Binary Latent Diffusion

Ze Wang,Jiang Wang,Zicheng Liu,Qiang Qiu
2023-04-11
Abstract:In this paper, we show that a binary latent space can be explored for compact yet expressive image representations. We model the bi-directional mappings between an image and the corresponding latent binary representation by training an auto-encoder with a Bernoulli encoding distribution. On the one hand, the binary latent space provides a compact discrete image representation of which the distribution can be modeled more efficiently than pixels or continuous latent representations. On the other hand, we now represent each image patch as a binary vector instead of an index of a learned cookbook as in discrete image representations with vector quantization. In this way, we obtain binary latent representations that allow for better image quality and high-resolution image representations without any multi-stage hierarchy in the latent space. In this binary latent space, images can now be generated effectively using a binary latent diffusion model tailored specifically for modeling the prior over the binary image representations. We present both conditional and unconditional image generation experiments with multiple datasets, and show that the proposed method performs comparably to state-of-the-art methods while dramatically improving the sampling efficiency to as few as 16 steps without using any test-time acceleration. The proposed framework can also be seamlessly scaled to $1024 \times 1024$ high-resolution image generation without resorting to latent hierarchy or multi-stage refinements.
Computer Vision and Pattern Recognition
What problem does this paper attempt to address?

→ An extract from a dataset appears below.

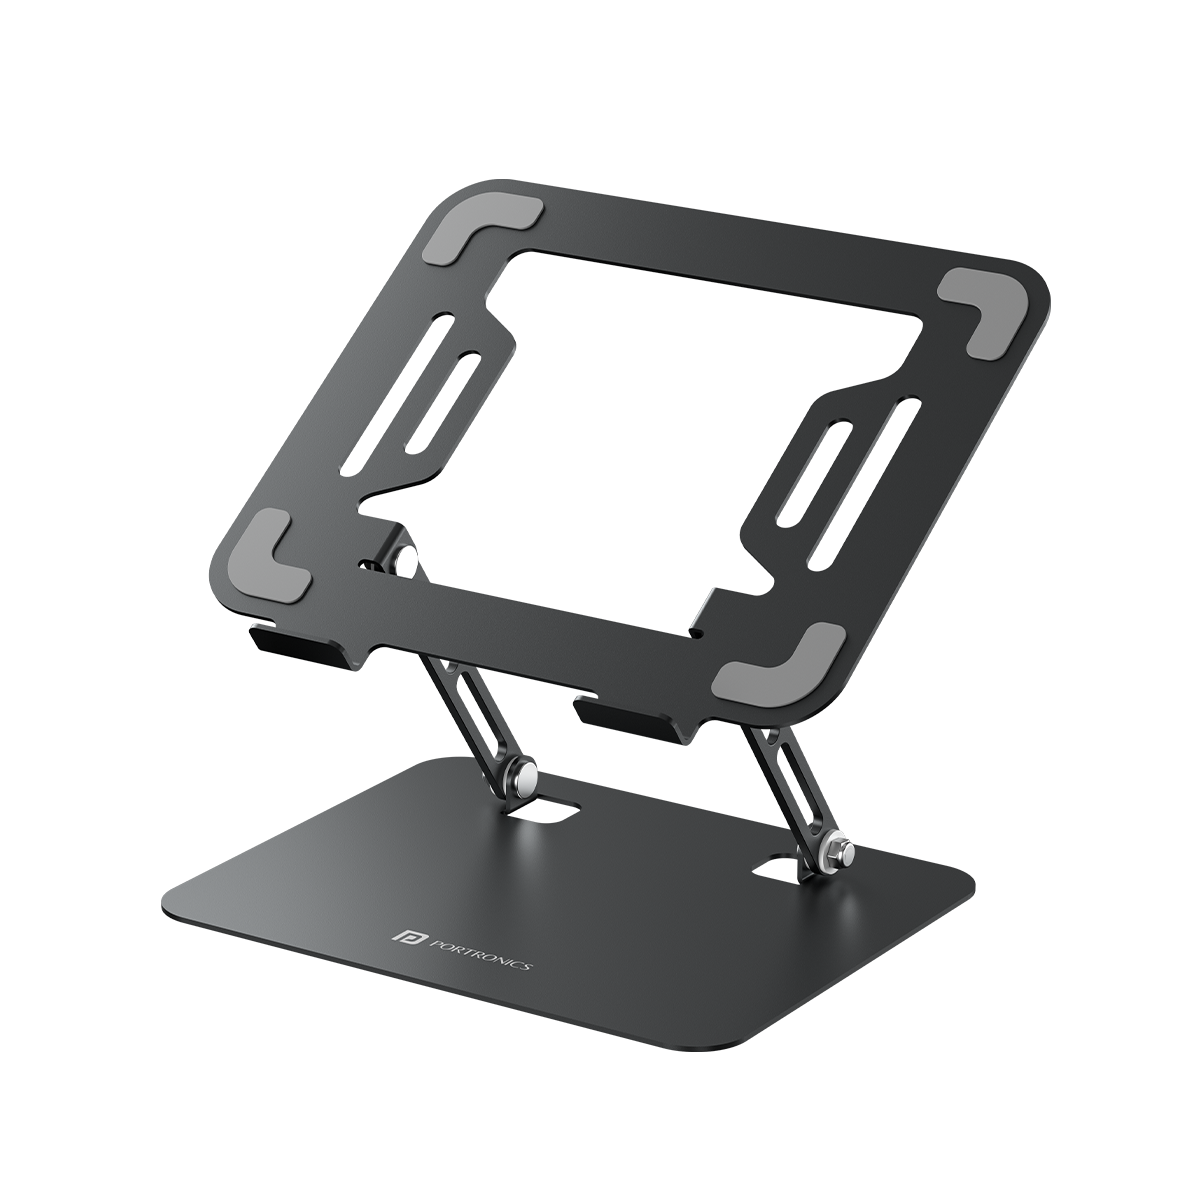 Black Portronics My Buddy K3 Pro Laptop Stand With Height Adjustable

The paper primarily aims to address the following issues: 1. **Efficiently generating high-quality images**: Investigating how to reduce computational costs in the generation process while maintaining or improving image quality, especially in high-resolution image generation. 2. **Overcoming the limitations of existing models**: Proposing new solutions to address problems in existing generative models (such as GANs, VAEs, etc.), including unstable training and insufficient mode coverage. 3. **Exploring compact and expressive image representation methods**: Using binary latent space to represent images, achieving more efficient distribution modeling and effective image generation. 4. **Improving diffusion models**: Developing diffusion models specifically for binary latent space to better handle image generation tasks, particularly in modeling multivariate Bernoulli distributions. Specifically, the paper proposes a framework based on binary latent space for learning compact binary representations of images and develops a binary latent diffusion model on this basis, capable of generating high-quality images in fewer diffusion steps. Additionally, this method can effectively scale to high-resolution image generation tasks without the need for complex hierarchical structures or multi-stage refinement processes. In summary, the goal of the paper is to improve the quality and efficiency of image generation by introducing a novel binary latent space representation method and corresponding diffusion model, while addressing some limitations of existing models.